Our article in French daily newspaper, Les Echos, looks at the balance of power between those spreading disinformation and those fighting against it. Here’s a summary:
Fake news specialists, conspiracy theorists, troll farms and other botnets capable of coordinating massive attacks have a huge reach and a frightening capacity for influence. The success of disinformation is also heightened by people who comment extensively on web articles without reading them, and approve and like information that reinforces their confirmation bias.
Even when fact checkers thoroughly deconstruct false information, supported by chronology and facts, they are often faced with a thunderous: "fake news!" – a well-used technique designed to deny one's opponents any intellectual integrity in order to disqualify them and not have to respond to their arguments.

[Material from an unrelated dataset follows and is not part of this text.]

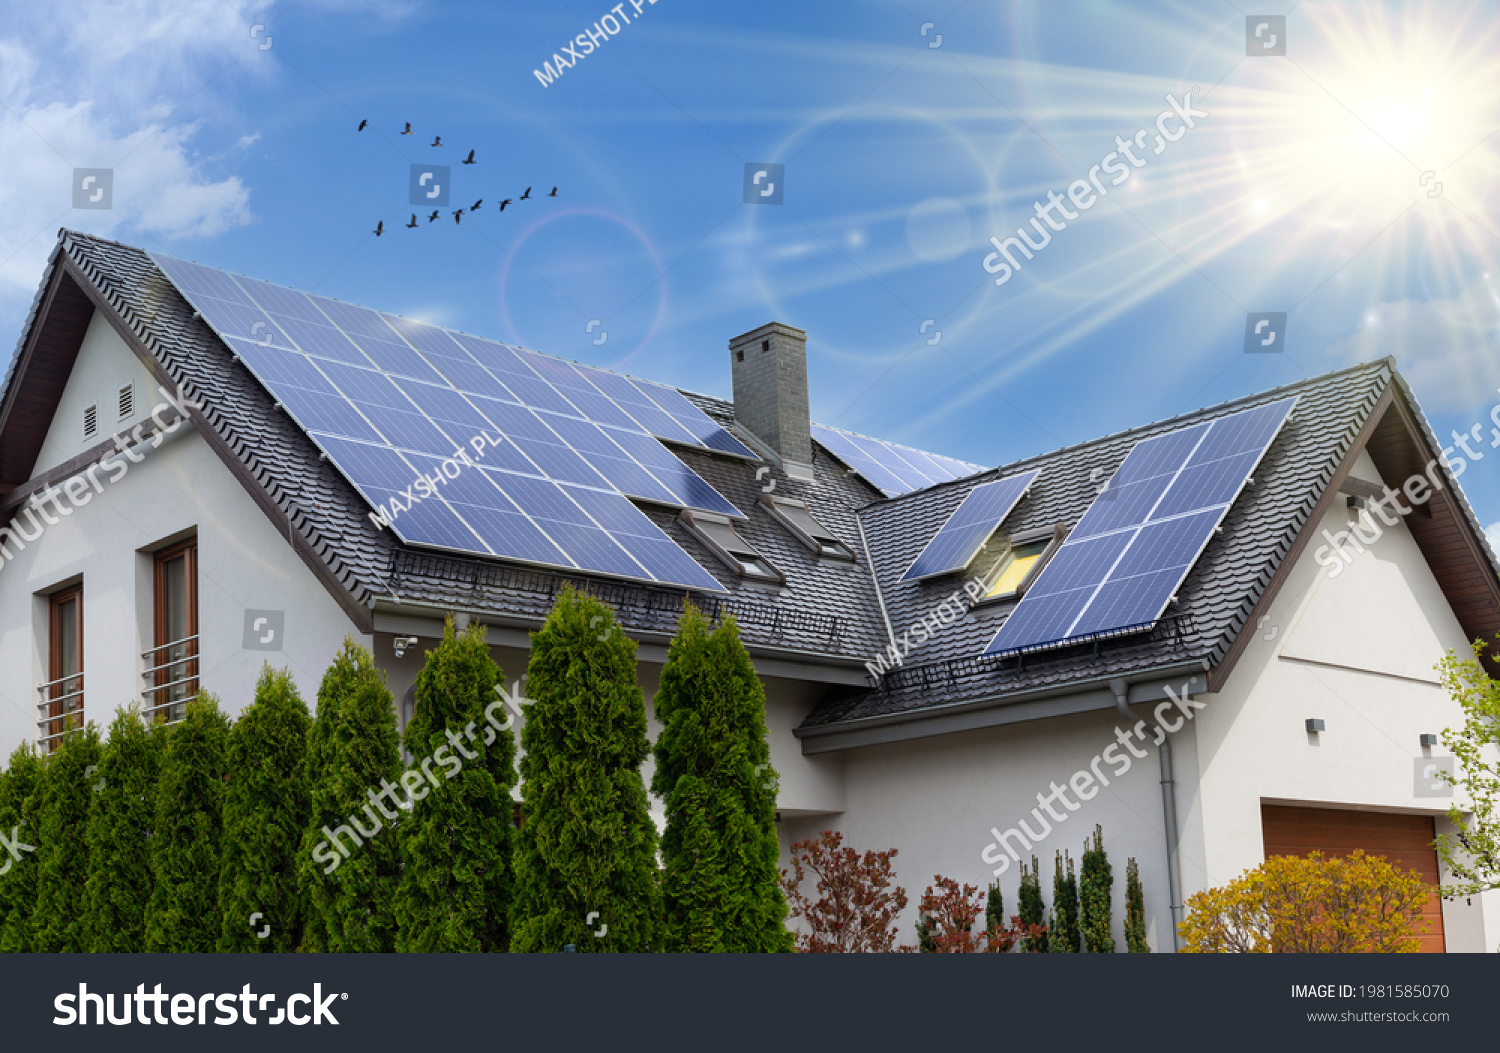 Solar panels on a gable roof. Beautiful, large modern house and solar energy. Rays of the sun. #1981585070

Disinformation feeds now saturate the media space with disinformants varying the content, skillfully mixing real information, deliberate approximations and absolute lies. The sheer volume of content makes it extremely difficult to refute. But what if these aggressive attacks on fact-checking journalists are a sign that the situation is starting to reverse?
Could it be that the fact-checkers’ groundwork is starting to bear fruit? Fake news champion Trump might have won his first election, but he lost the second. And on a media level, at this stage, the Russians are not outright winners.
There has been an incredible mobilisation around the world for fact checking: hundreds of dedicated media teams, plus citizen initiatives, awareness in education... this constitutes large-scale, versatile mobilisation.
We believe that it is possible to redress the balance and even win this fight in the long term. It requires a massive awareness and education effort as well as powerful technological tools to authenticate written or visual content, identify the chronology of information, and know when and how it has been altered, distorted or "enriched".